So natural gas producers are encouraged to “buy low” (by extracting gas today) and “sell high” buy selling gas for delivery in the future. As long as this trade is profitable, there will be downward pressure on prices as supply swells awaiting future delivery. What happens to all this gas? It ends up in storage. We see the impact of this in the amount of gas in storage in both the US and Canada (Chart 4). While down from record highs, gas in storage is still near the theoretical capacity in the system of approximately 4.3 trillion cubic feet.

Impact on Pricing. Combined, these factors explain the long term behavior of the natural gas market. Even though demand is increasing, and there is some reasonable indication that this trend will continue, the price of natural gas (in the absence of some severe weather events) has been effectively stagnant. The key factor is the same thing that makes it so attractive, its abundance. Not only is natural gas plentiful, but relative to oil it is easy to extract. The explosion of the Deepwater Horizon drill rig and subsequent difficulty in capping the damaged wellhead demonstrated the difficulties and expense of drilling wells not only deep, but often miles under the ocean floor. In contrast, there are significant unexploited natural gas reservoirs available either onshore or in relatively shallow water off the coast.

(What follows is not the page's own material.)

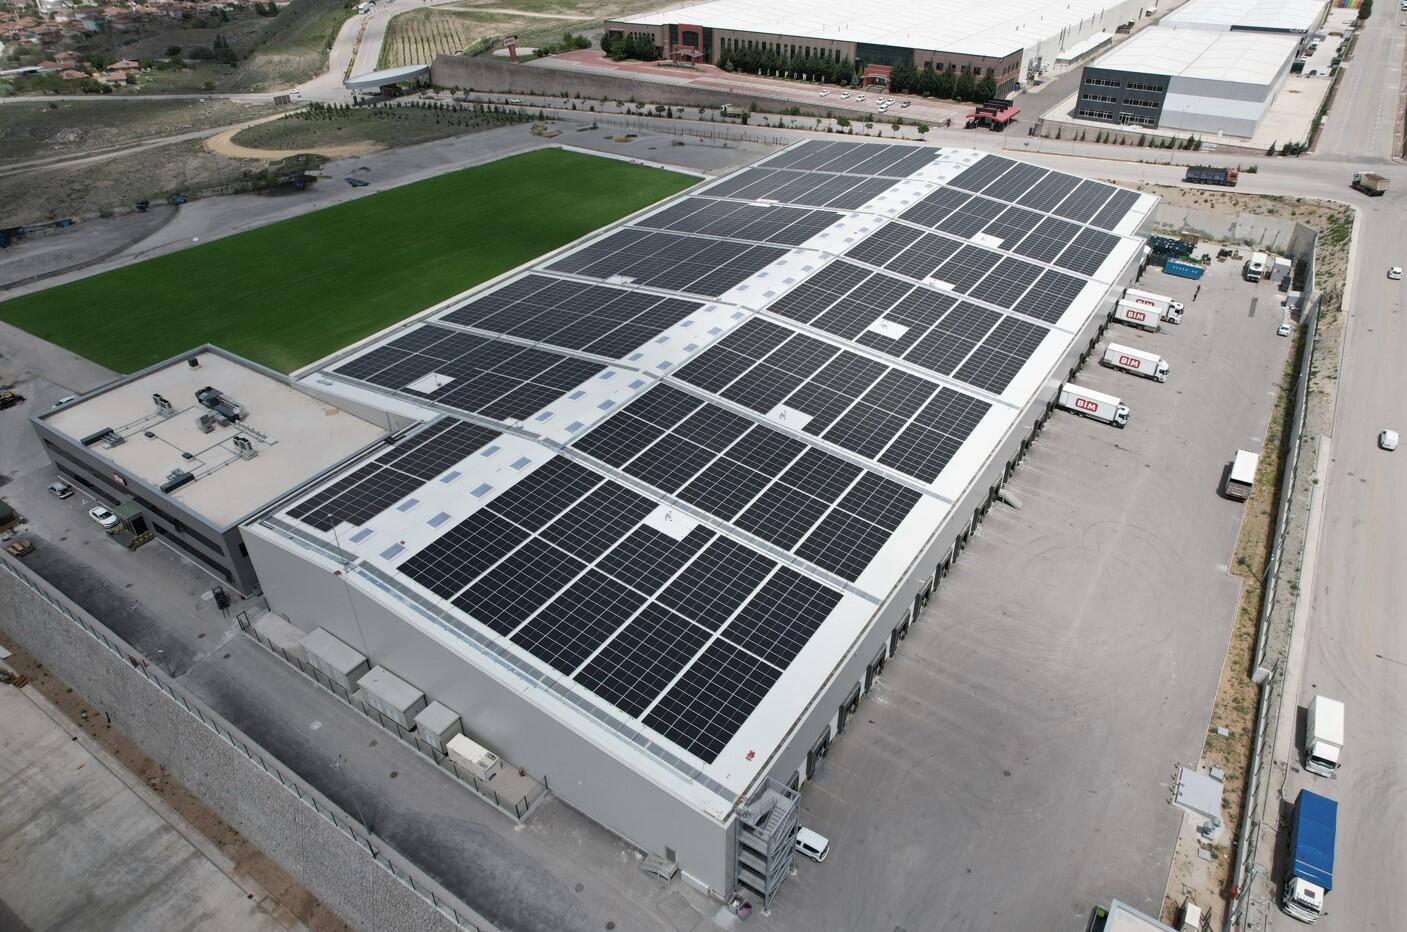 Market zinciri, güneş gücü santrali yatırımlarını sürdürüyor

What to Do. How can one invest in a more natural gas powered future without taking on explicit price risk on gas itself and subjecting the portfolio to a continued contango in the natural gas market? There are several options.

  • Natural Gas Companies – Natural gas companies often hedge themselves. Some hedge more, either by selling more production or extending the time over which production is sold. Companies with more robust hedge books, as well as those that have demonstrated some success in hedging, should have less sensitivity to current prices. In addition, companies with large reserves relative to current production also have reduced sensitivity to short term price fluctuations, since the market pays more attention to the value of reserves and less on earnings generated by current production.
  • Gas Focused Servicers and Drillers – Regardless of the short term volatility of natural gas prices and the technical nature of futures trading, companies that extract gas from the ground need drilling, pressure pumping, wellhead equipment and related services. The revenue for companies in this sector is not dependent on the price of natural gas. Short term, these companies are correlated to gas prices. But if the long term outlook is correct and natural gas becomes more widely used, the future for servicing and drilling companies becomes very positive.
  • Pipeline Companies and MLPs – Unlike oil, which is easily shipped between ports and between countries, gas is much more difficult and expensive to transport. Transportation costs are significant relative to the underlying price of gas. This is evidenced by the substantial basis, or cost differential, between gas at different locations, even within the US. Gas pipeline companies, often structured as Master Limited Partnerships, make money on the movement of gas, not its price. As a result, these companies should participate in the growth of gas as a fuel even if prices remain low. In some ways, these companies actually benefit from lower prices, as they make gas more competitive than other fuel sources, notably coal.
  • Engineering and Construction Companies – A more natural gas fired future requires significantly more infrastructure for gas transportation, storage and conversion to electricity. This is especially true for those regions that currently have little gas production, such as those above the Marcellus Shale in eastern Pennsylvania and New York.
  • Utilities – The ability of utility companies to benefit from increased use of natural gas will be dependent on regulatory bodies at both the national level regarding carbon generation and local level regarding rate setting.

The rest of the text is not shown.